If you load the HTML file into a browser then you should see:

The <svg> viewBox attribute read viewBox="0 0 200 100". This defined the upper left hand corner as having coordinates 0,0 with a width of 200 units and a height of 100 units. This is not the same as the dimensions of the <svg> object set by the CSS. Try resetting the viewBox values so that they match the size (300 by 200) set in the CSS and reload the page. You should observe some instant scaling.

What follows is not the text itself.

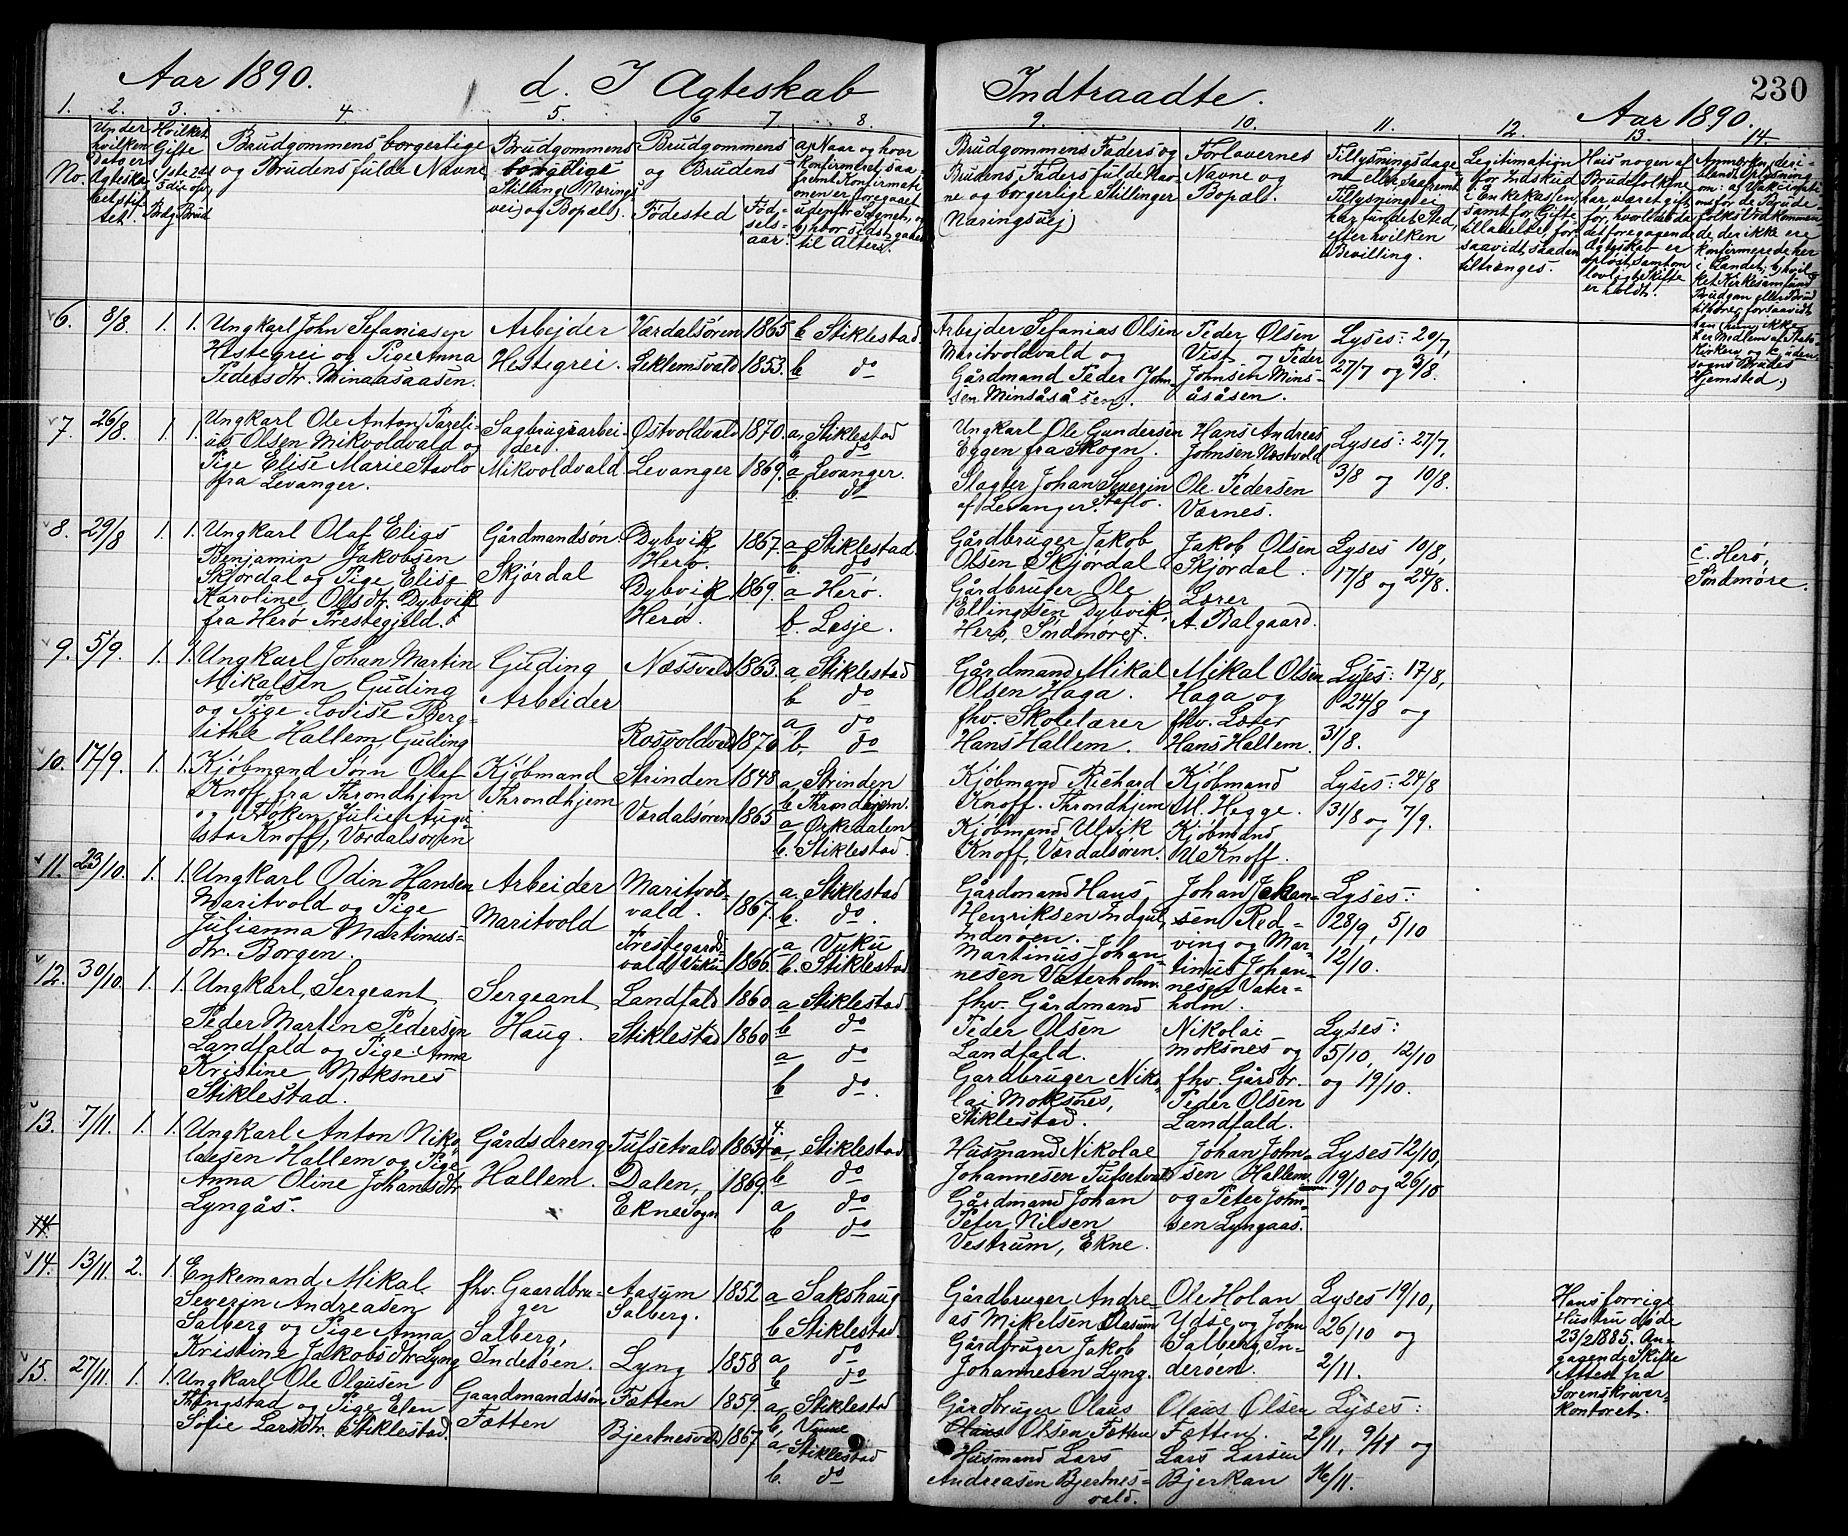 SAT, Ministerialprotokoller, klokkerbøker og fødselsregistre - Nord-Trøndelag, 723/L0257: Klokkerbok nr. 723C05, 1890-1907, s. 230

Next step is to try drawing something just a little bit technical. Add another <div> and some enclosed <svg> to the HTML file.


<div id="dvScale">
    <svg viewBox="0 0 510 30" xmlns="http://www.w3.org/2000/svg">
        <style>
            .normals { font: normal 10px sans-serif; text-anchor: middle;}
            .tl {stroke: black; stroke-width: 0.5;}
        </style>
        <line x1="5" y1="20" x2="5" y2="30" class="tl" />
        <text x="5" y="19" class="normals" >1</text>
        <line x1="155.5" y1="20" x2="155.5" y2="30" class="tl" />
        <text x="155.5" y="19" class="normals" >2</text>
        <line x1="243.5" y1="20" x2="243.5" y2="30" class="tl" />
        <text x="243.5" y="19" class="normals" >3</text>
        <line x1="306" y1="20" x2="306" y2="30" class="tl" />
        <text x="306" y="19" class="normals" >4</text>
        <line x1="354.5" y1="20" x2="354.5" y2="30" class="tl" />
        <text x="354.5" y="19" class="normals" >5</text>
        <line x1="394" y1="20" x2="394" y2="30" class="tl" />
        <text x="394" y="19" class="normals" >6</text>
        <line x1="427.5" y1="20" x2="427.5" y2="30" class="tl" />
        <text x="427.5" y="19" class="normals" >7</text>
        <line x1="456.5" y1="20" x2="456.5" y2="30" class="tl" />
        <text x="456.5" y="19" class="normals" >8</text>
        <line x1="482" y1="20" x2="482" y2="30" class="tl" />
        <text x="482" y="19" class="normals" >9</text>
        <line x1="505" y1="20" x2="505" y2="30" class="tl" />
        <text x="505" y="19" class="normals" >10</text>
    </svg>
    </div>

and back that up with a small addition to the CSS file.


#dvScale {
    width: 510px;
    height: 30px;
}

Reload the HTML file in your browser and you should see the new addition rendered like.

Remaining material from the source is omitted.